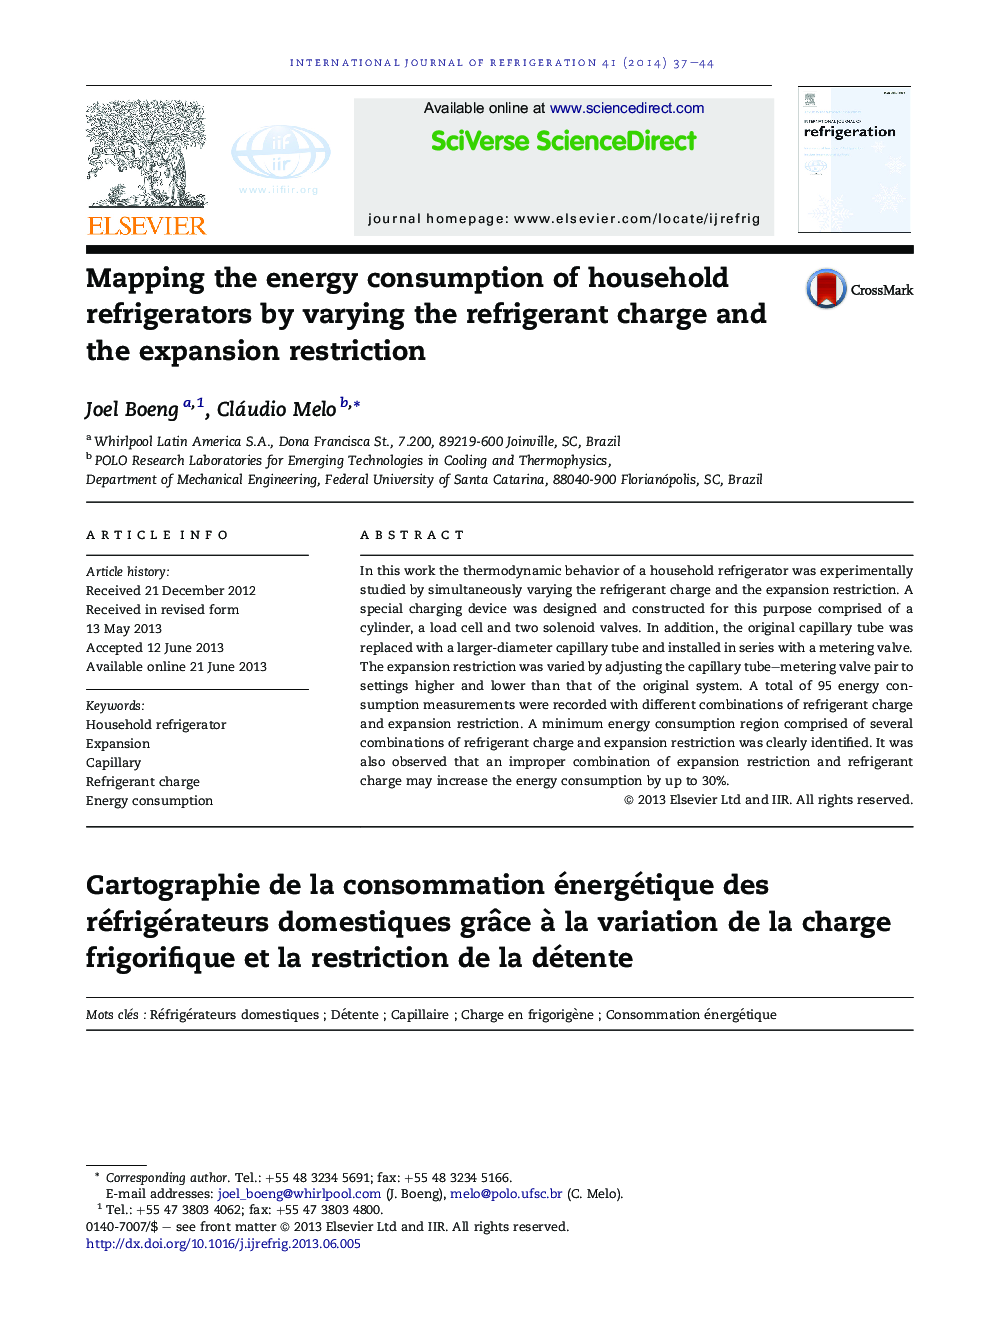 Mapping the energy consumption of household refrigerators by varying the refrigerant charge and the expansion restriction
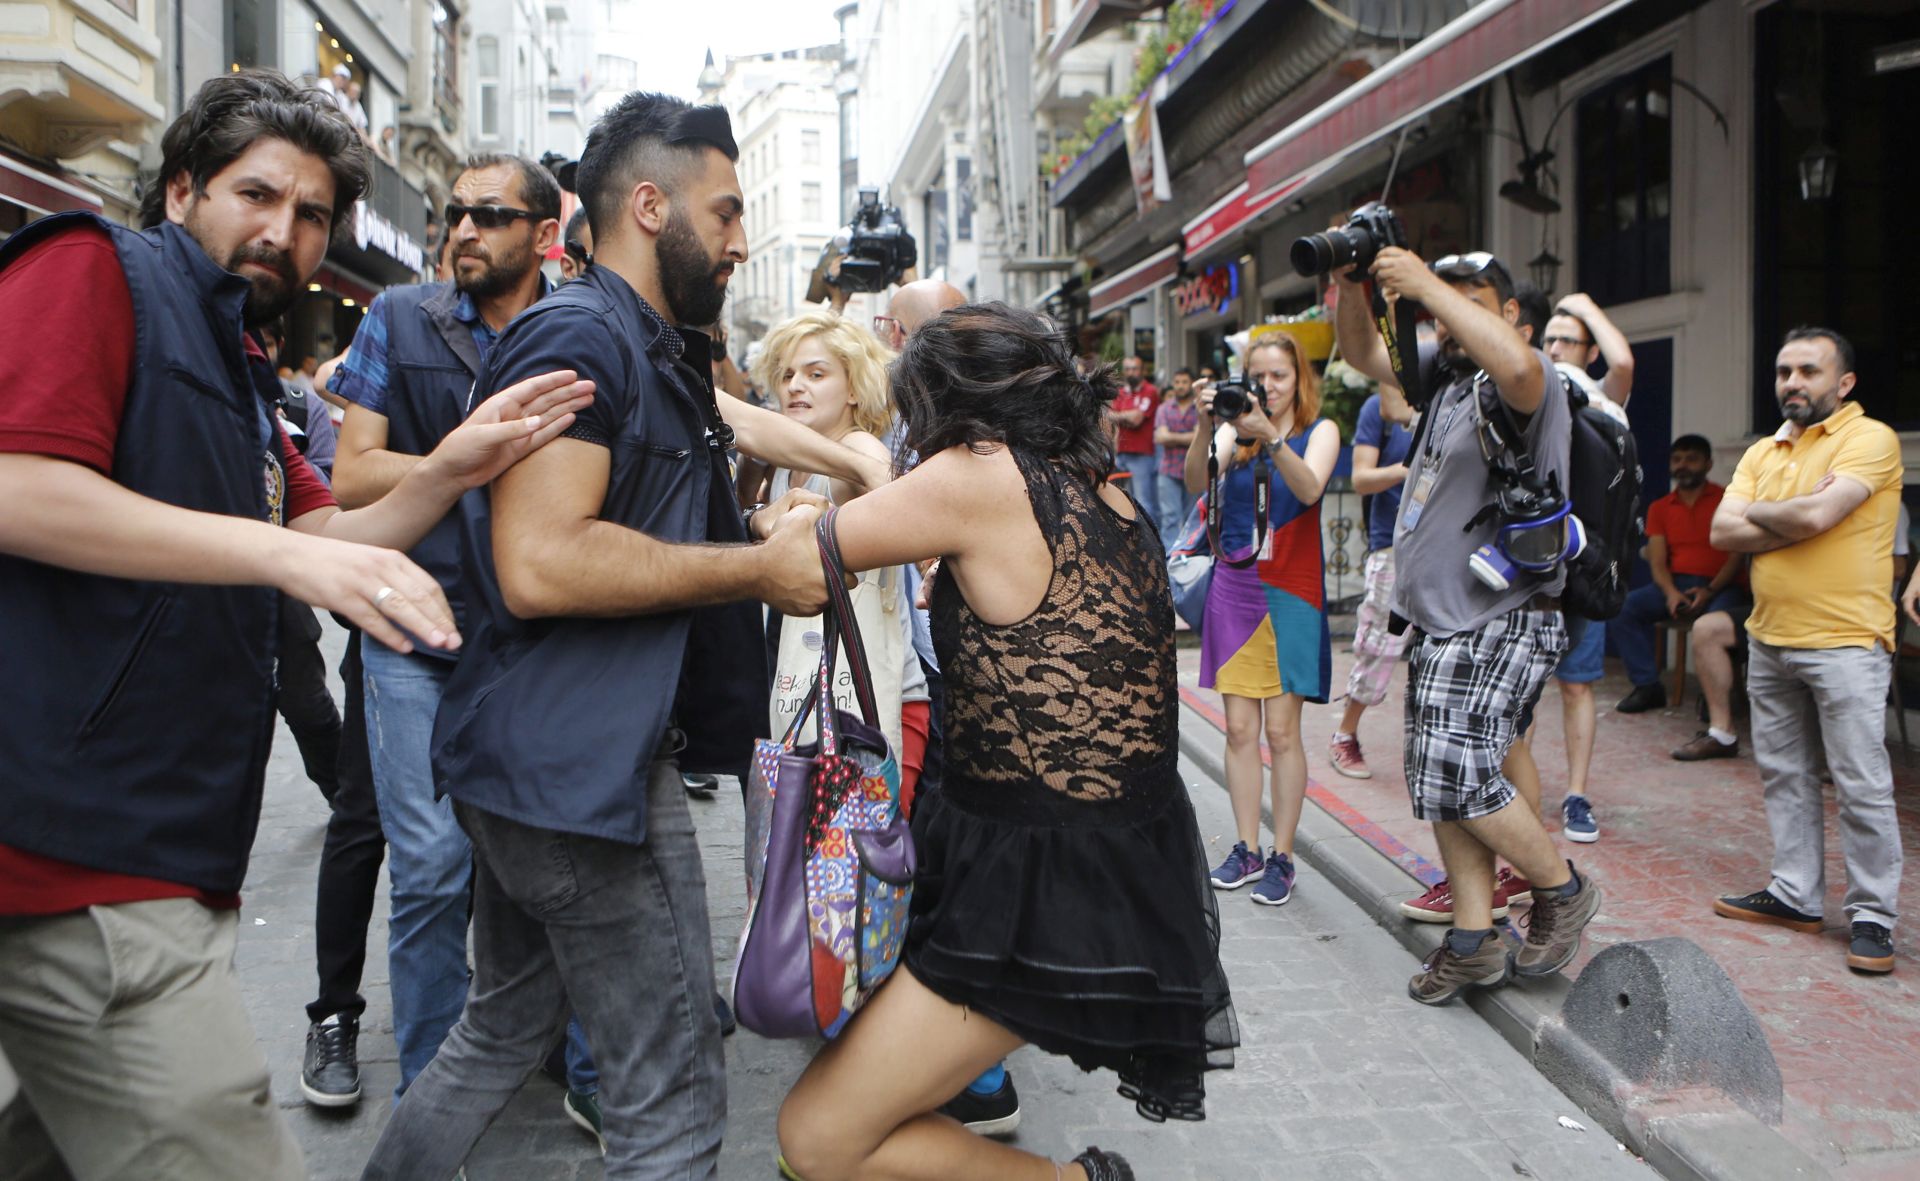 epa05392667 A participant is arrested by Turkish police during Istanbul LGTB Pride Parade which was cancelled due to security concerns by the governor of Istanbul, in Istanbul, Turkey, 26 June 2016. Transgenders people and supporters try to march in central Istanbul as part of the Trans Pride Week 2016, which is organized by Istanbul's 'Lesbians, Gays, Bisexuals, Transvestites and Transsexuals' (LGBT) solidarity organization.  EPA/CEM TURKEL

= = = = = = =

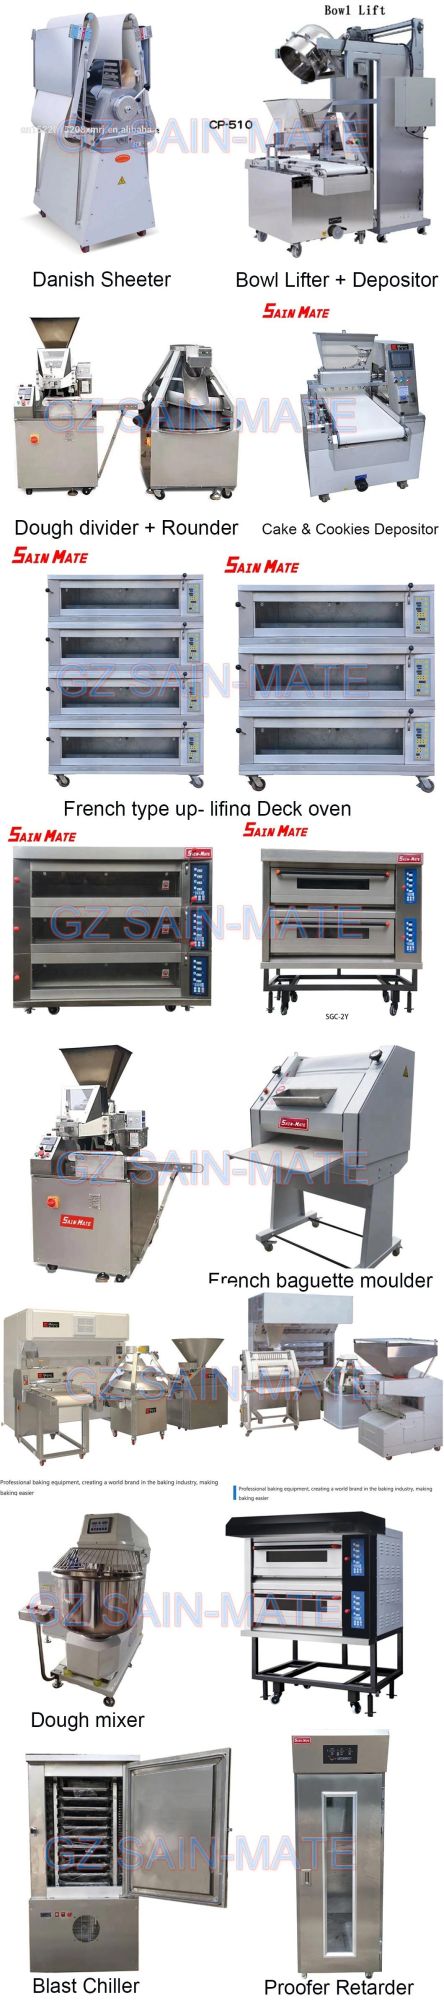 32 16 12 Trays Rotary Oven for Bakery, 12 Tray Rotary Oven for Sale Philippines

= = = = = = =

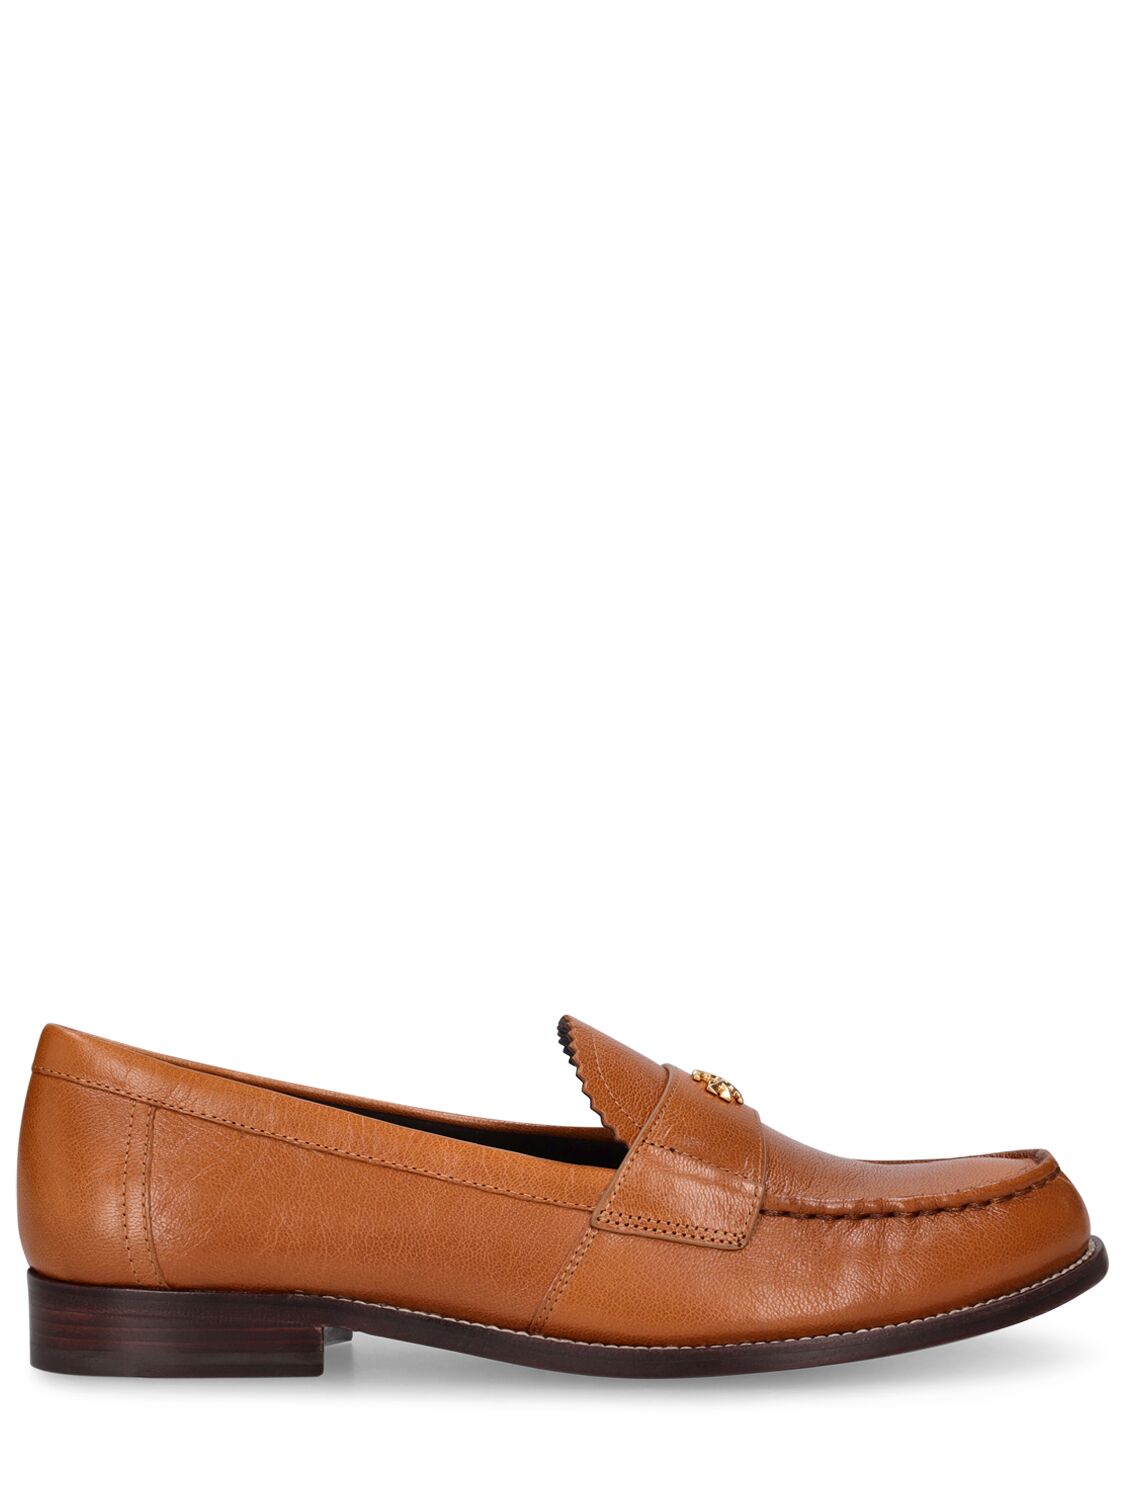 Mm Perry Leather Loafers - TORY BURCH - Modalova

= = = = = = =

In the entries above, find the line containing "Mapping the energy" and the line containing "epa05392667 A participant", then copy both and every line between them exactly, without any picture.

 Mapping the energy consumption of household refrigerators by varying the refrigerant charge and the expansion restriction
 epa05392667 A participant is arrested by Turkish police during Istanbul LGTB Pride Parade which was cancelled due to security concerns by the governor of Istanbul, in Istanbul, Turkey, 26 June 2016. Transgenders people and supporters try to march in central Istanbul as part of the Trans Pride Week 2016, which is organized by Istanbul's 'Lesbians, Gays, Bisexuals, Transvestites and Transsexuals' (LGBT) solidarity organization.  EPA/CEM TURKEL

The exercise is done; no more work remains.